The CAEBAT project addresses these issues with a suite of battery cell and pack engineering tools that:
- Investigate a full range of chemistry, cell design, and battery pack options for particular vehicle platforms
- Factor in electrochemical, thermal, and mechanical interactions
- Shorten battery prototyping and optimization processes
- Improve overall battery performance, safety, and lifespan
- Reduce costs for suppliers, manufacturers, and consumers.
Combining Energy in Industry-Research Partnership
"We need to keep raising the bar with our electric car designs, and battery performance is a huge part of that," said Xiao Guang Yang of Ford, a CAEBAT principal investigator.
Most battery models and simulation tools developed prior to CAEBAT did not strike the balance of precision and ease-of-use battery developers, pack integrators, and automakers require. In 2011, DOE/NREL used a competitive procurement process to select three teams to develop three separate, competitive, validated, and easy-to-use CAEBAT software tools for battery pack design. The three teams include representatives from each key industry sector:
- EC Power, Penn State University, Johnson Controls, and Ford
- General Motors, ANSYS, and ESim
- CD-adapco, Battery Design LLC, A123 Systems, and Johnson Controls.
While DOE's Office of Energy Efficiency and Renewable Energy Vehicle Technologies Office provided primary funding for this activity, these industry partners contributed 50% ($7 million) of the project budget.
Modeling at the Materials, Cell, and Pack Level
At the outset of the CAEBAT project, NREL unveiled a development crucial to filling a gap in existing tools: a predictive computer simulation of Lithium-ion batteries. This framework, known as the Multi-Scale Multi-Dimensional model, has a modular, flexible architecture that connects the physics of battery charge/discharge processes, thermal control, safety, and reliability in a computationally efficient manner. This makes it much easier to independently develop submodels at the cell and pack levels.
NREL provides technical support on electrochemical and thermal modeling to all of the CAEBAT teams as they work independently to develop and validate computer-aided engineering tools based on a variety of chemistries, cell geometries, and battery pack configurations.
CAEBAT has already produced models of alternatively stacked, wound-, and large-format cylindrical cell performance, as well as pack thermal networks.

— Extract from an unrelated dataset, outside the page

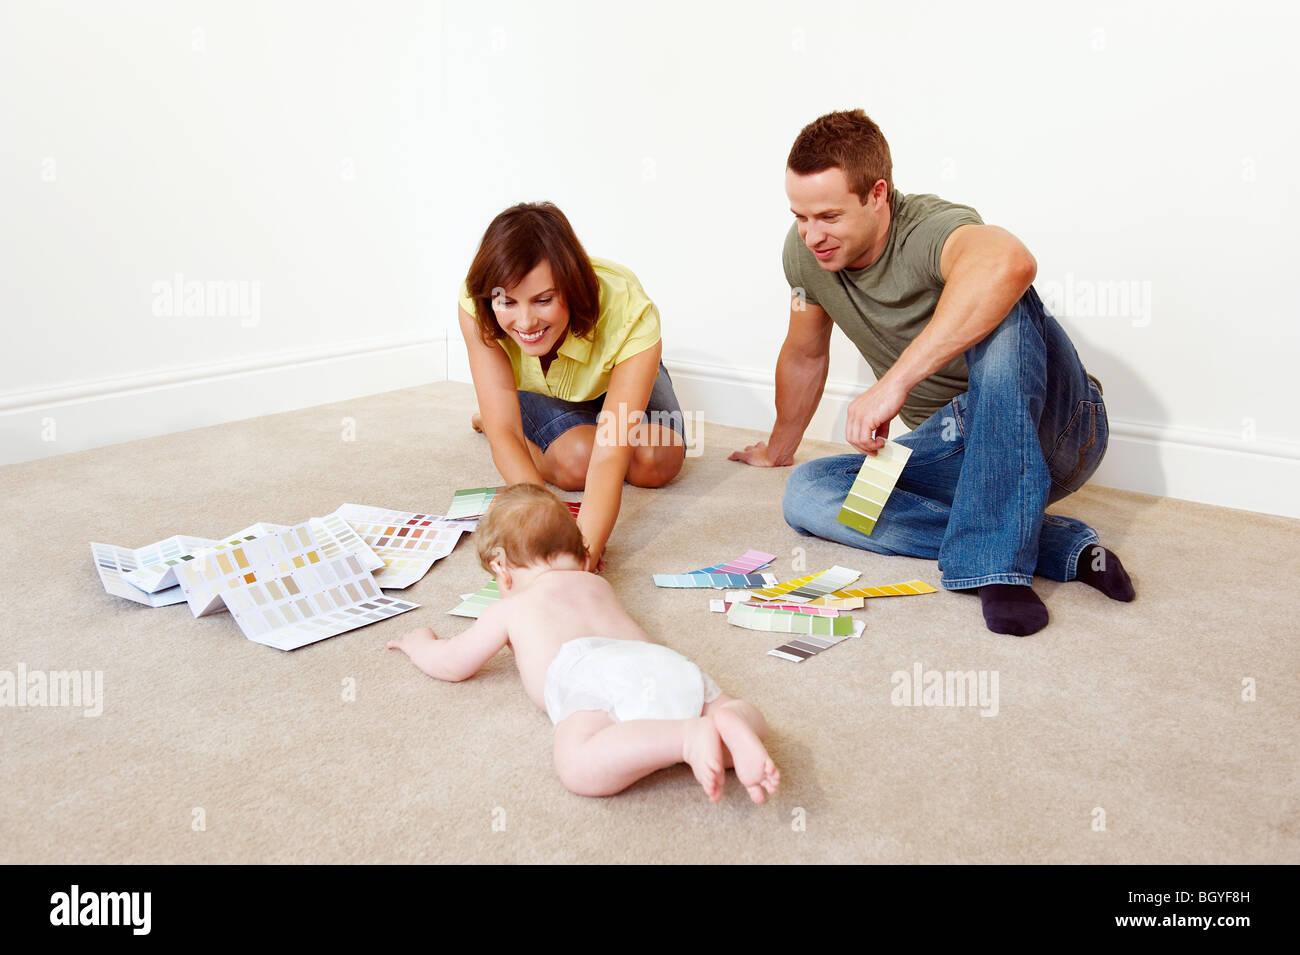 Junge Familie Stock mit Farbmuster Stockbild
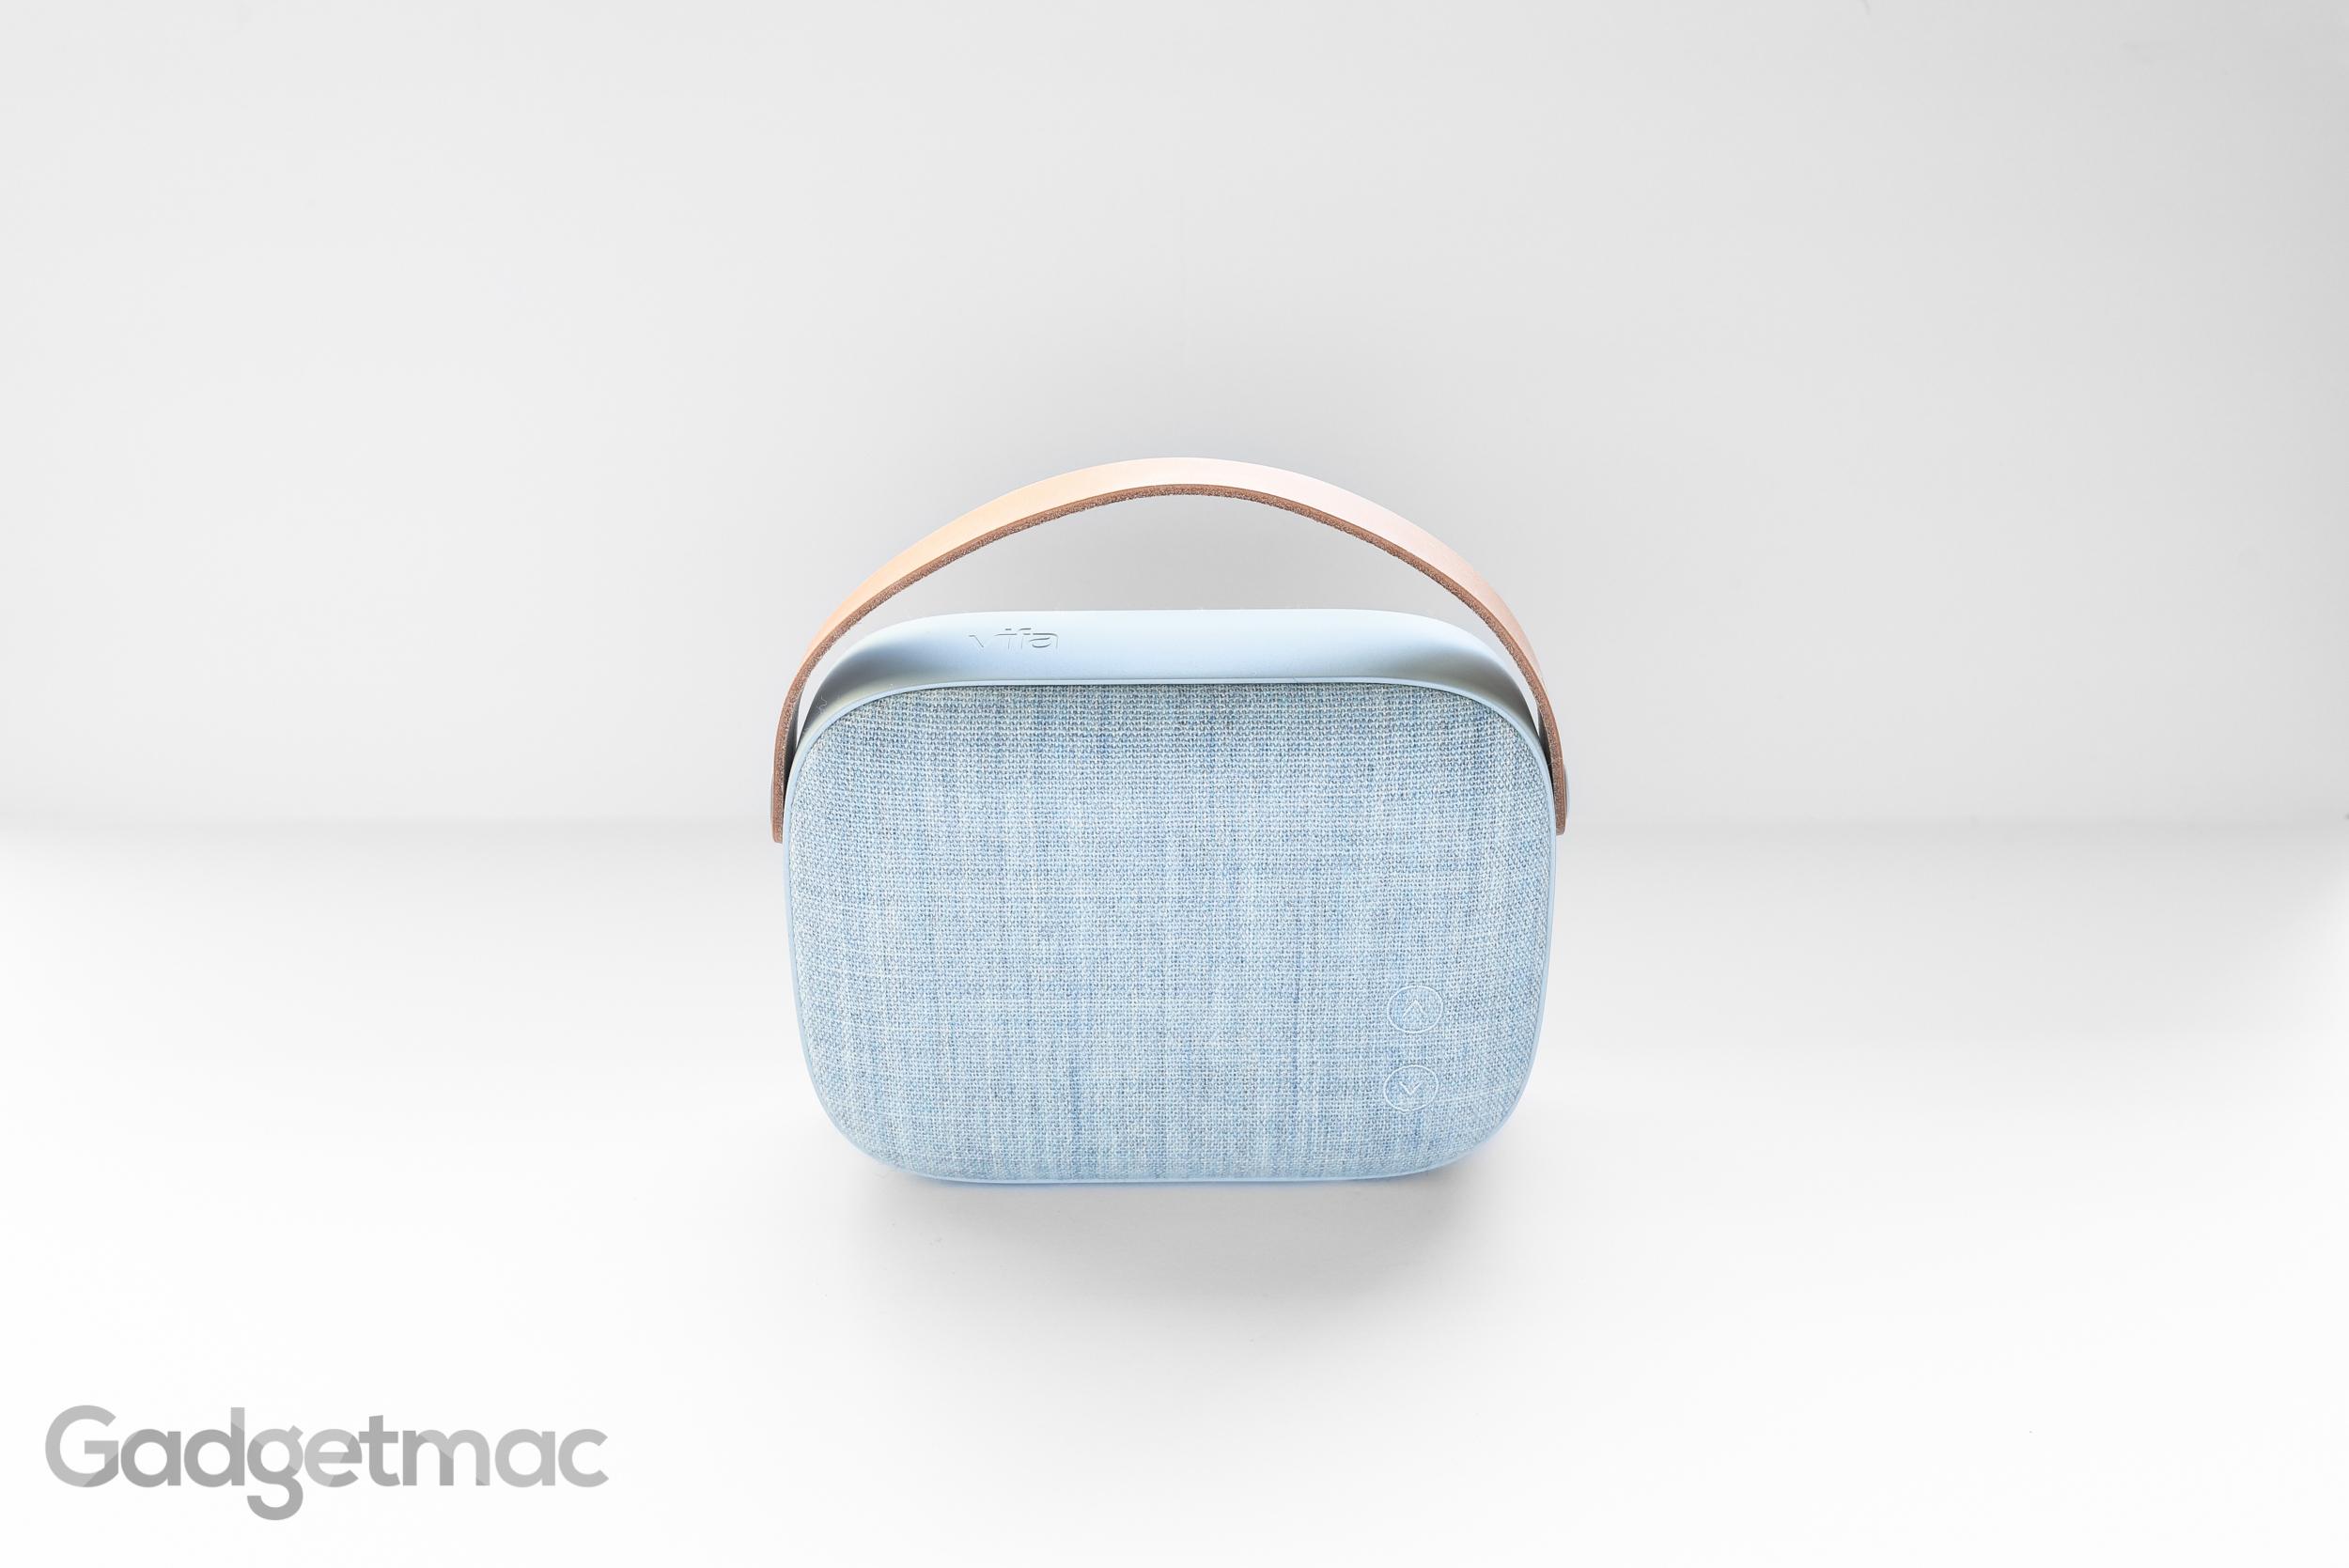 vifa-helsinki-portable-wireless-speaker-misty-blue.jpg

These models have been validated from the cell to the pack level. The software tools that have resulted from this collaboration are expected to become competitive marketplace offerings for battery engineers and EDV designers by the end of 2014.
"The simulation and automation tools that will come out of this project will impact the industry's ability to design energy storage systems at a faster pace," said Brian Sisk, director of Controls and Modeling for Johnson Controls Power Solutions. "We also believe this work will enable innovation in battery pack design and technology integration, leading to better electric vehicle performance."
In addition to computer-aided engineering and groundbreaking thermal evaluation and analysis, NREL also acts as a go-to resource in boosting efficiency and troubleshooting deficiencies in energy storage systems. This helps automakers and battery companies design better vehicles and meet challenging cost and performance targets.